### Data shown

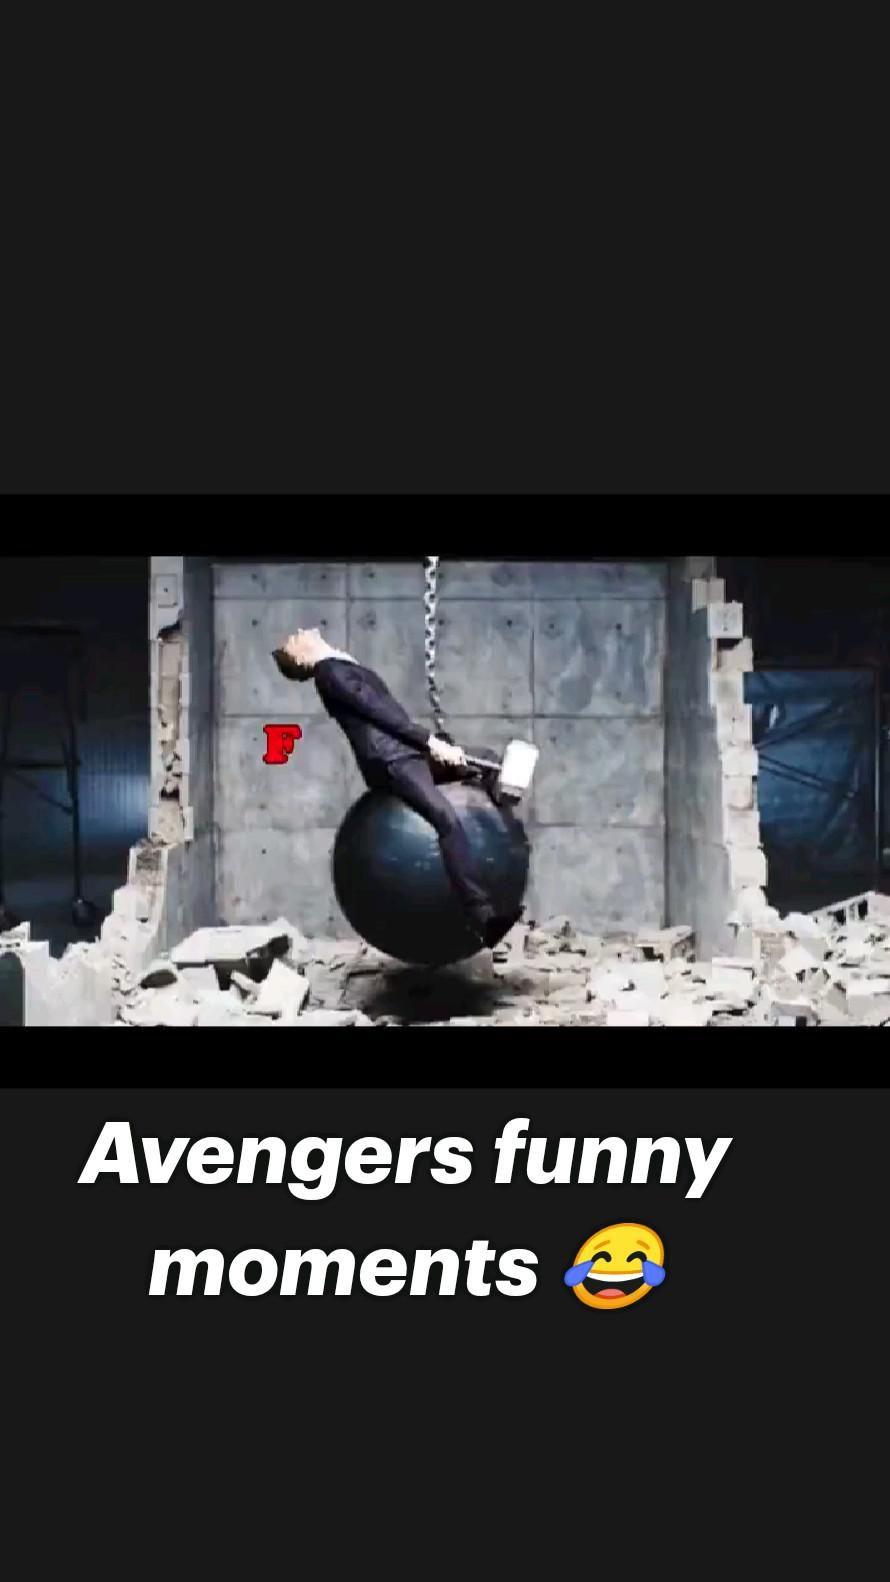 #avengers funny moments 😂#avengersedit #marvel #marveledits #funnyavengers #fyp  #marvelfunny
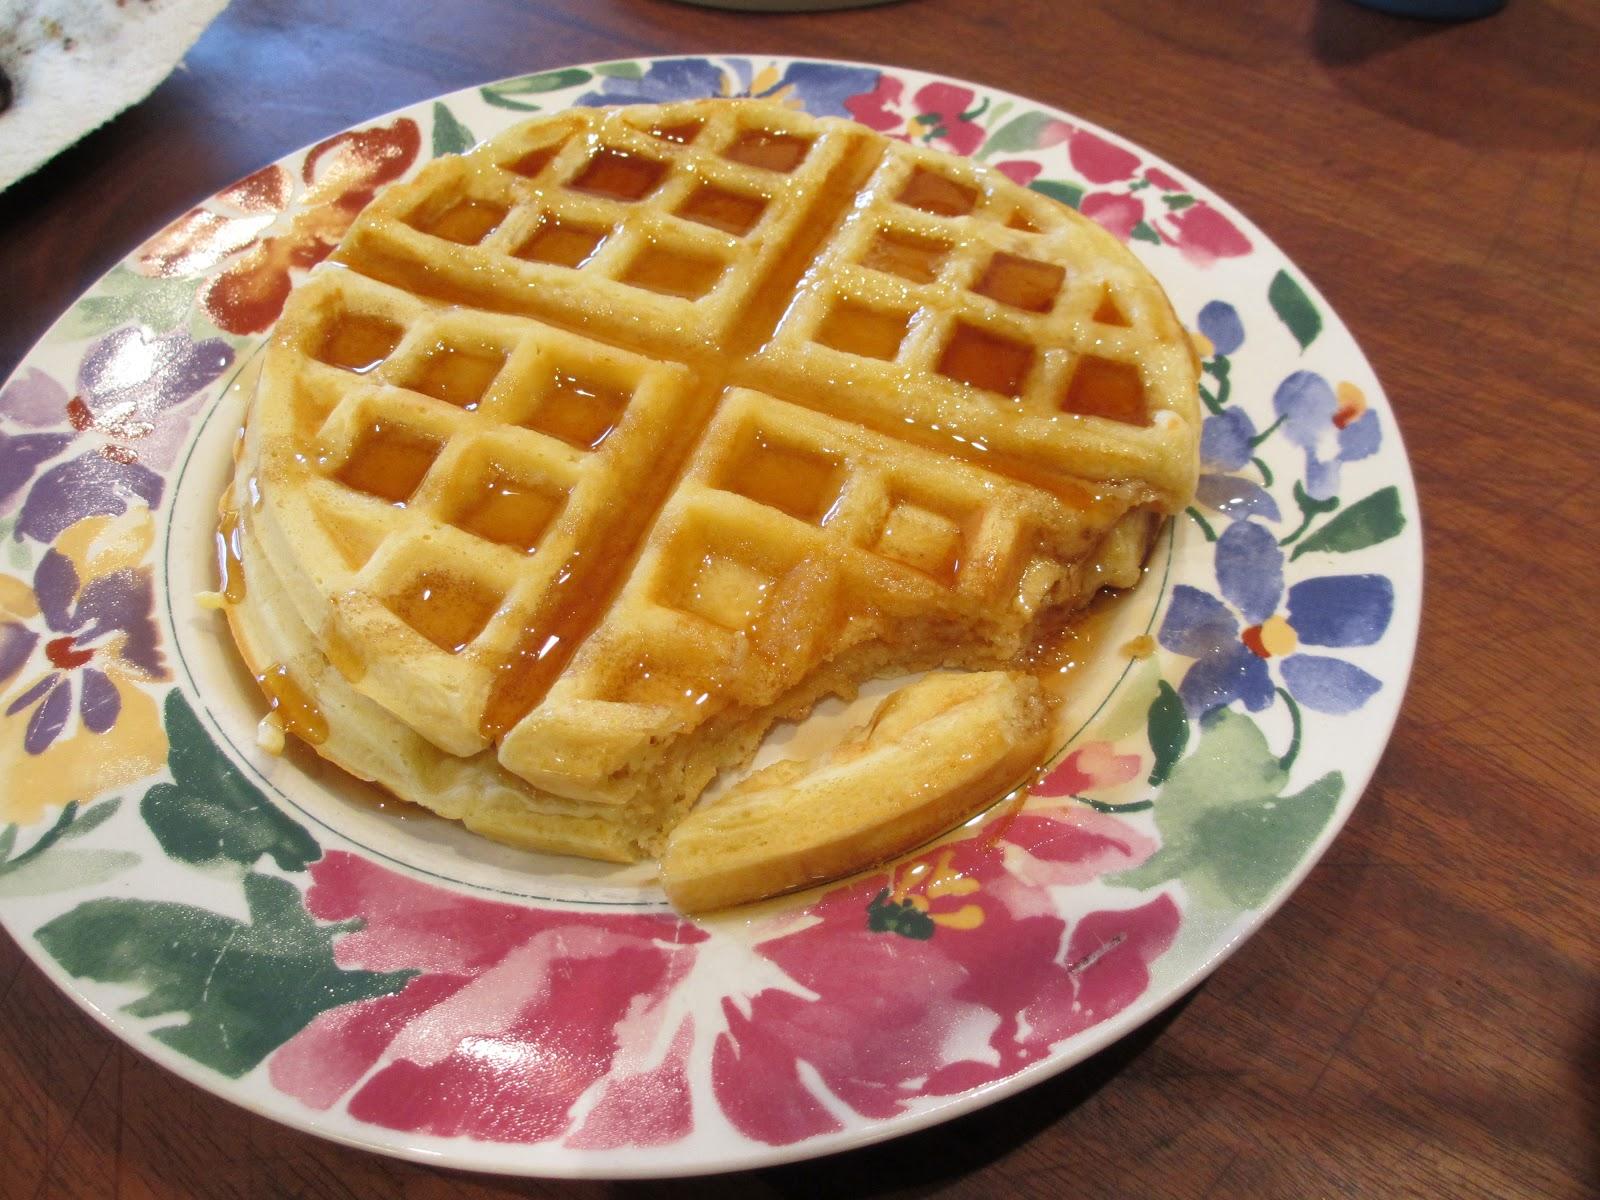 Life as Lori: Easy to make Waffles!
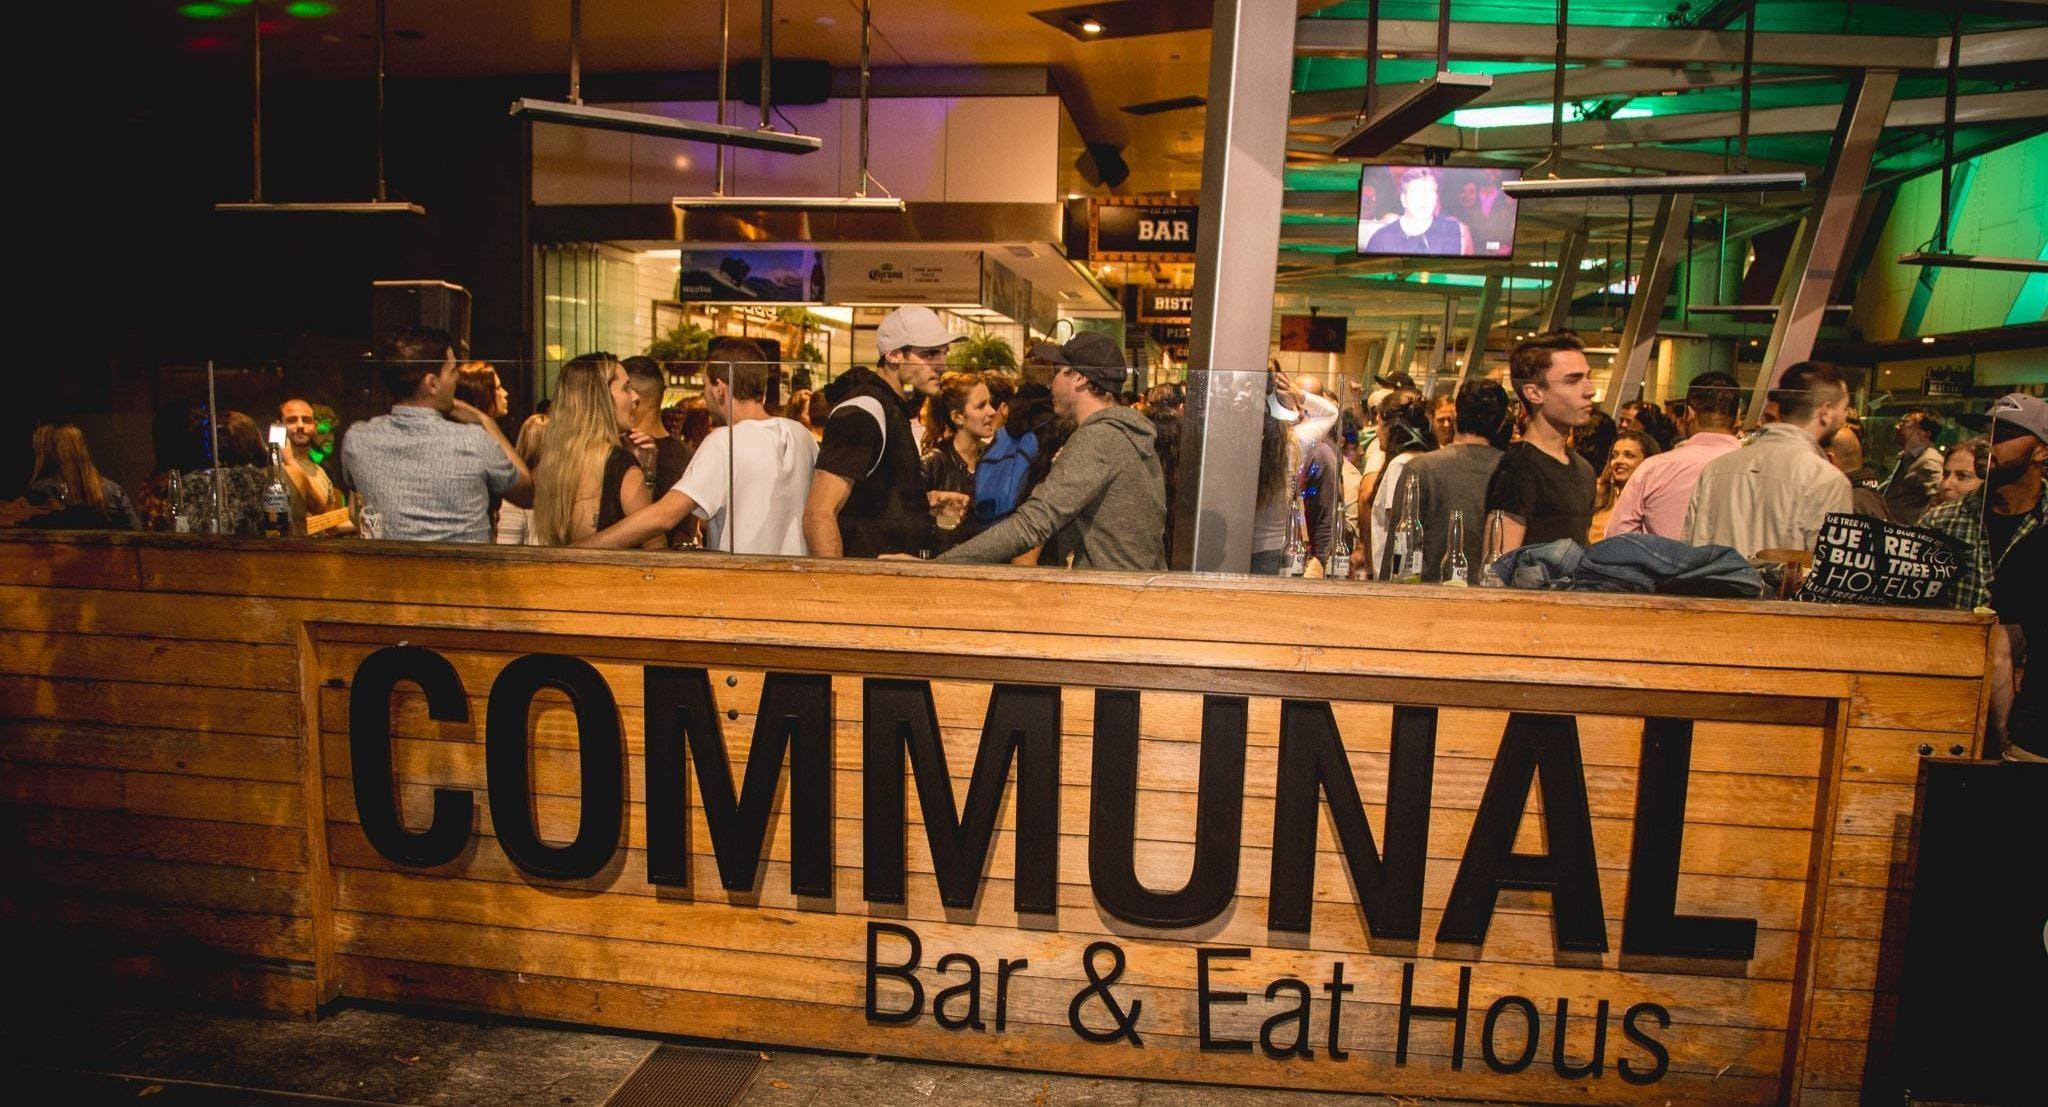 Communal Bar & Eat House

######

> Exercise prompt
Take the lines from the one holding "Life as Lori: Easy to make Waffles!" through the last line of the data above and copy them exactly, both ends included, omitting all pictures.

> Task output
 Life as Lori: Easy to make Waffles!
 Communal Bar & Eat House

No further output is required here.